The whole listing, exactly as given: write it out, leaving out each image.

Data segment:
--- START ---
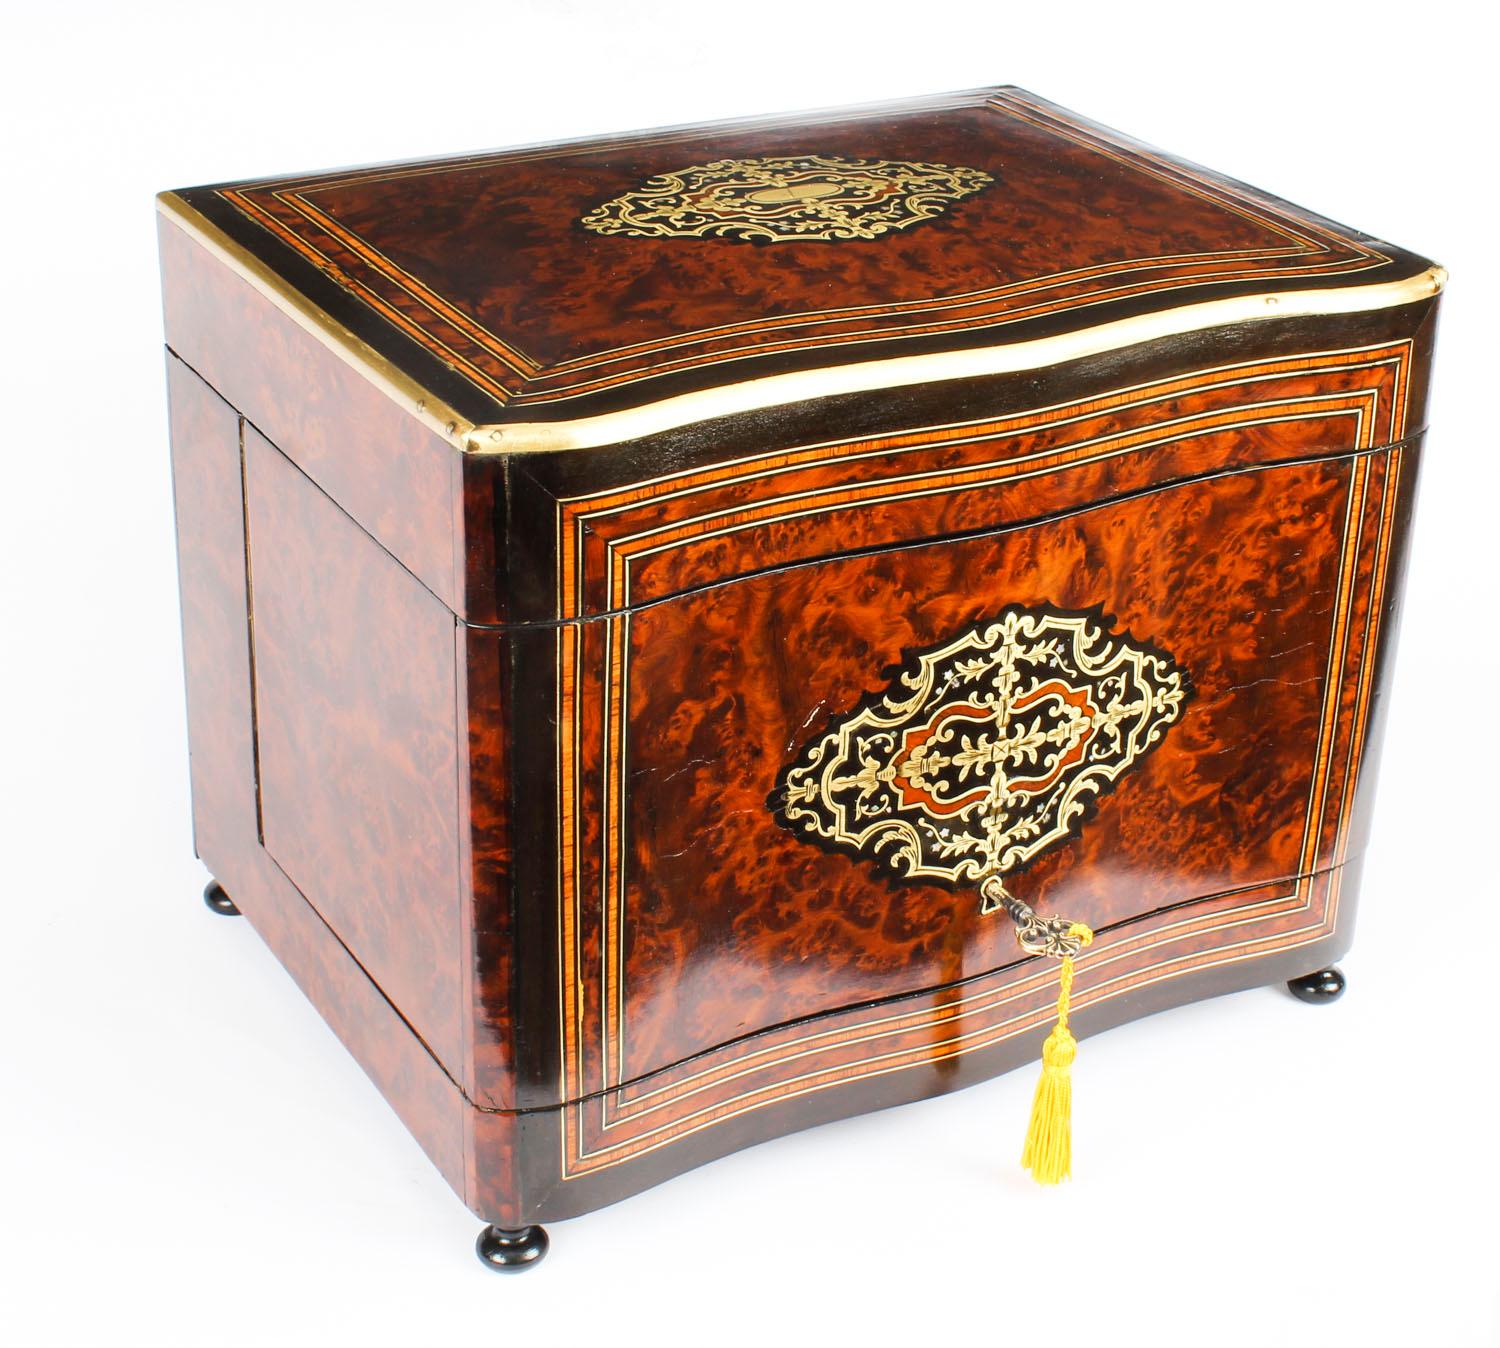 This is an exquisite antique French Napoleon III period walnut and boulle marquetry cave à liqueur, circa 1860 in date.

The tantalus has a serpentine front and a hinged lid which opens to reveal a caddy with four beautiful cut glass decanters and
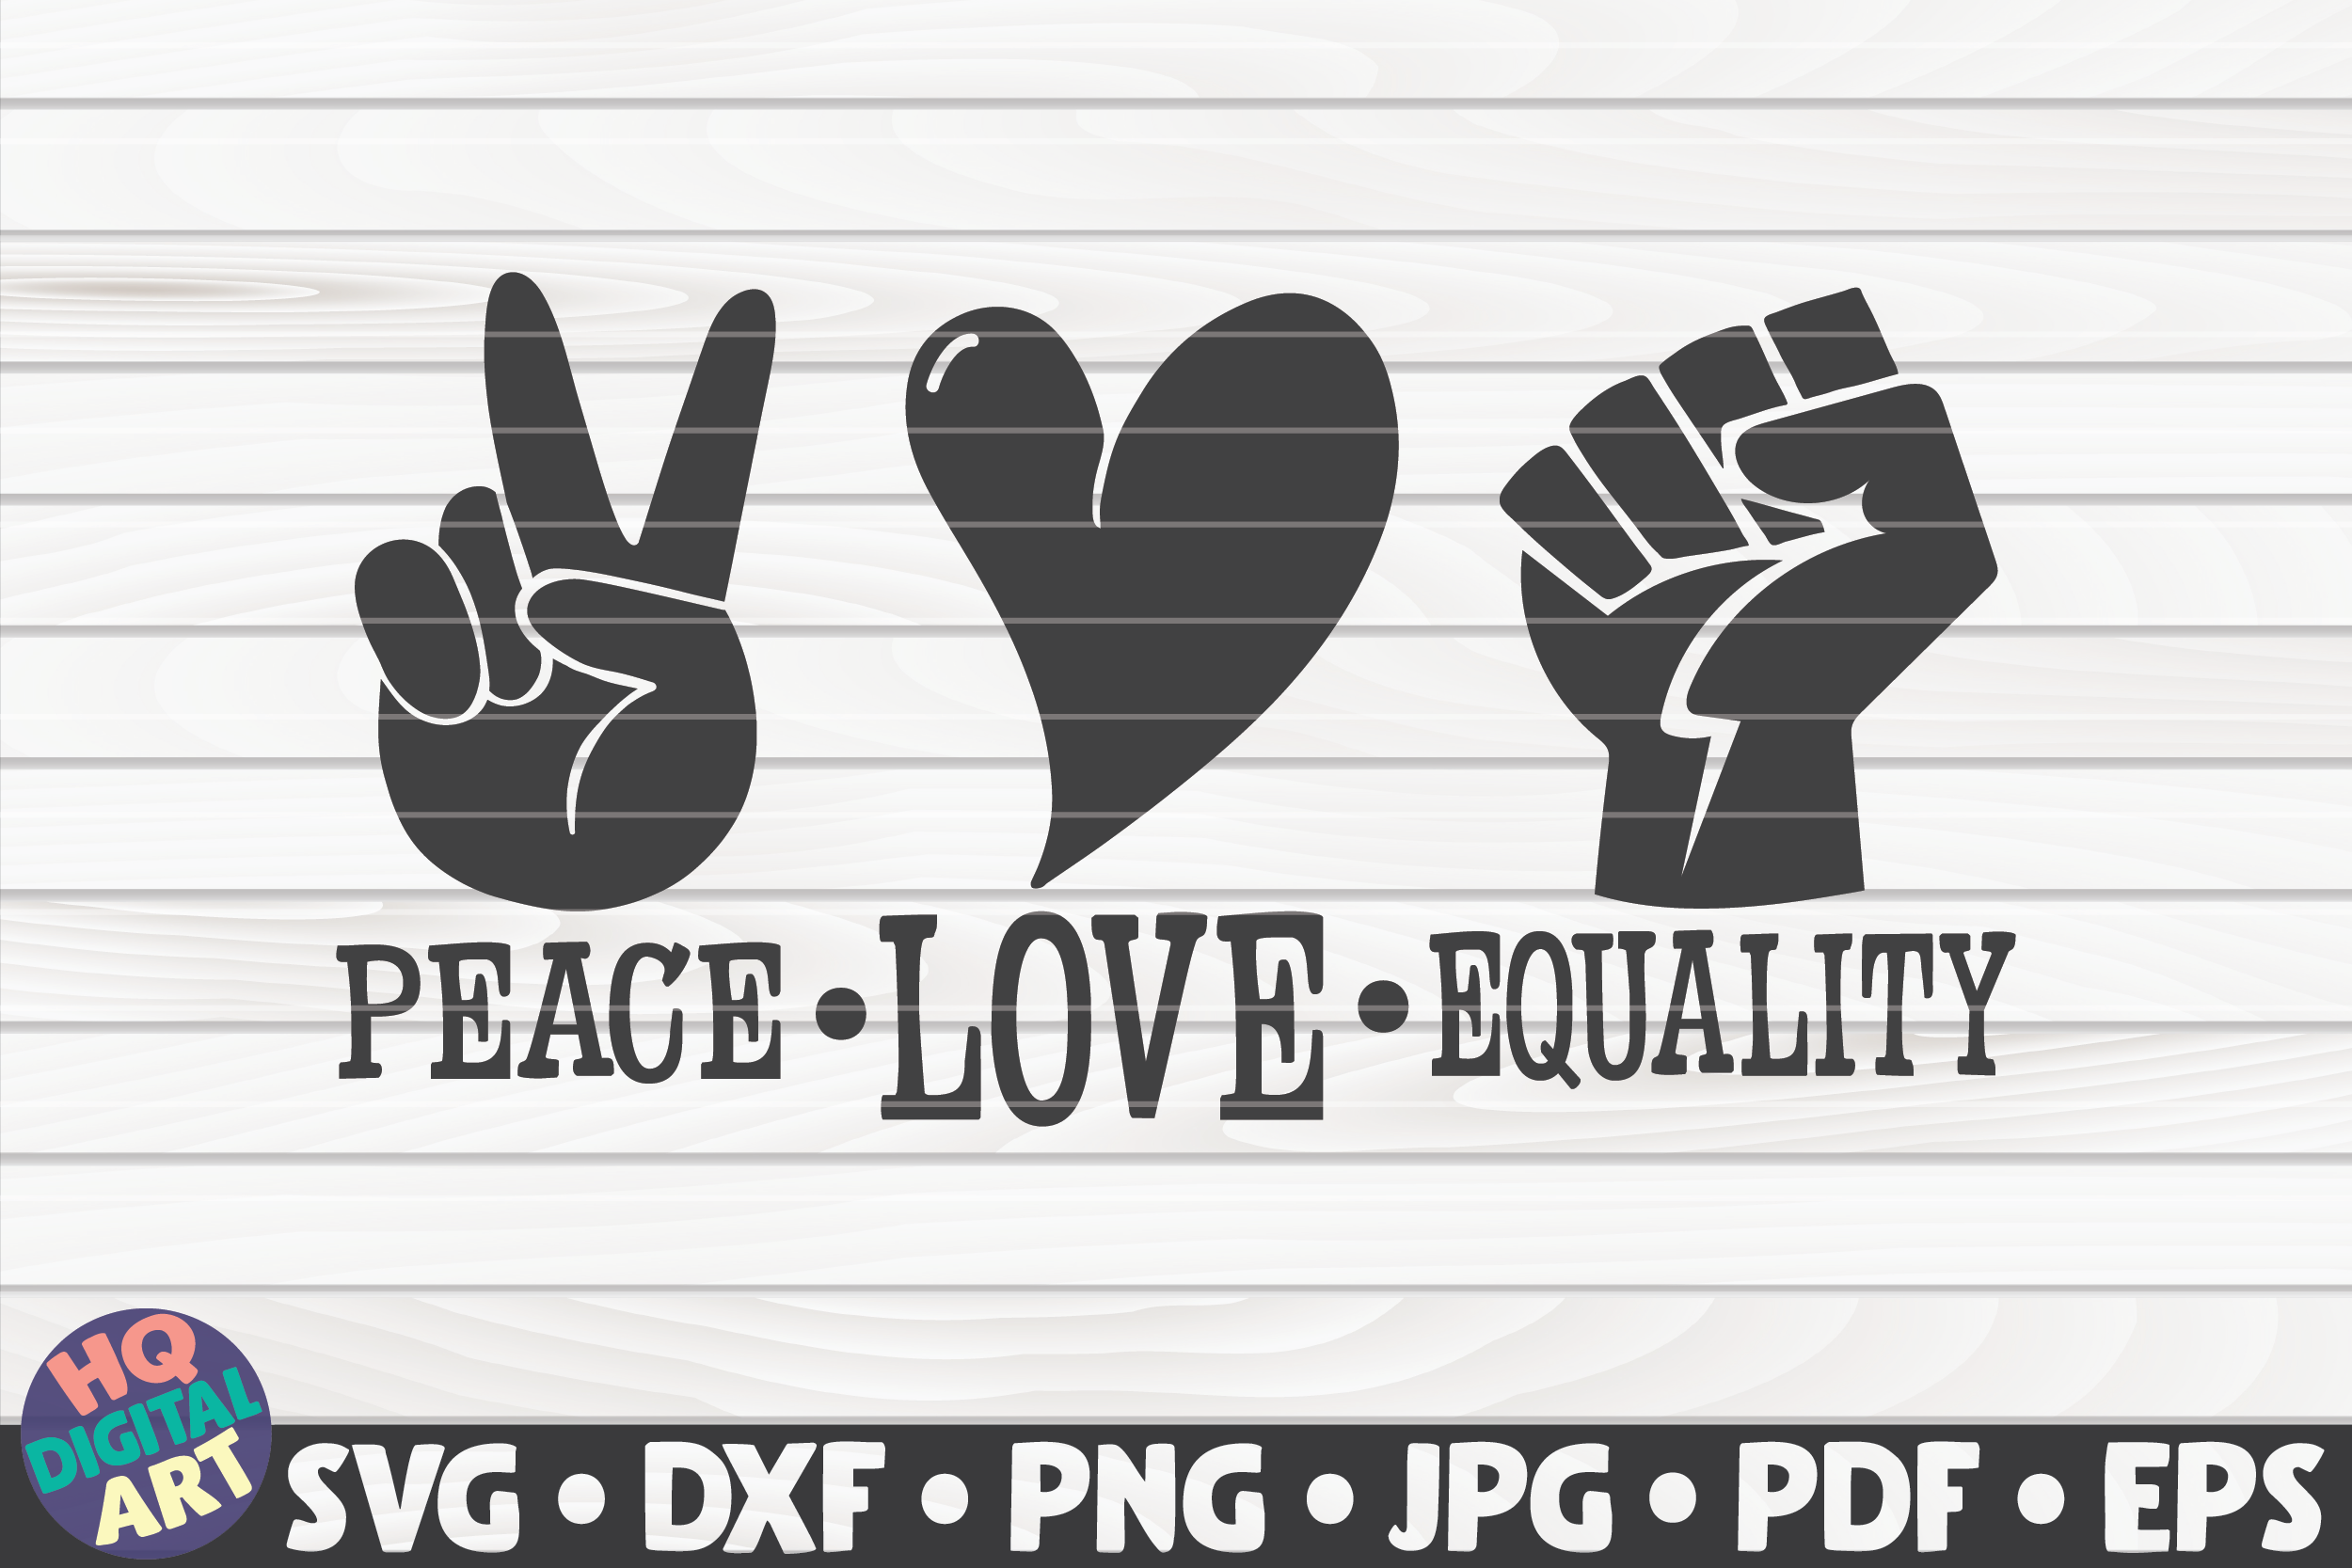 Download Peace love equality SVG | BLM Quote By HQDigitalArt ...
--- END ---
Solution:
 This is an exquisite antique French Napoleon III period walnut and boulle marquetry cave à liqueur, circa 1860 in date.

The tantalus has a serpentine front and a hinged lid which opens to reveal a caddy with four beautiful cut glass decanters and
 Download Peace love equality SVG | BLM Quote By HQDigitalArt ...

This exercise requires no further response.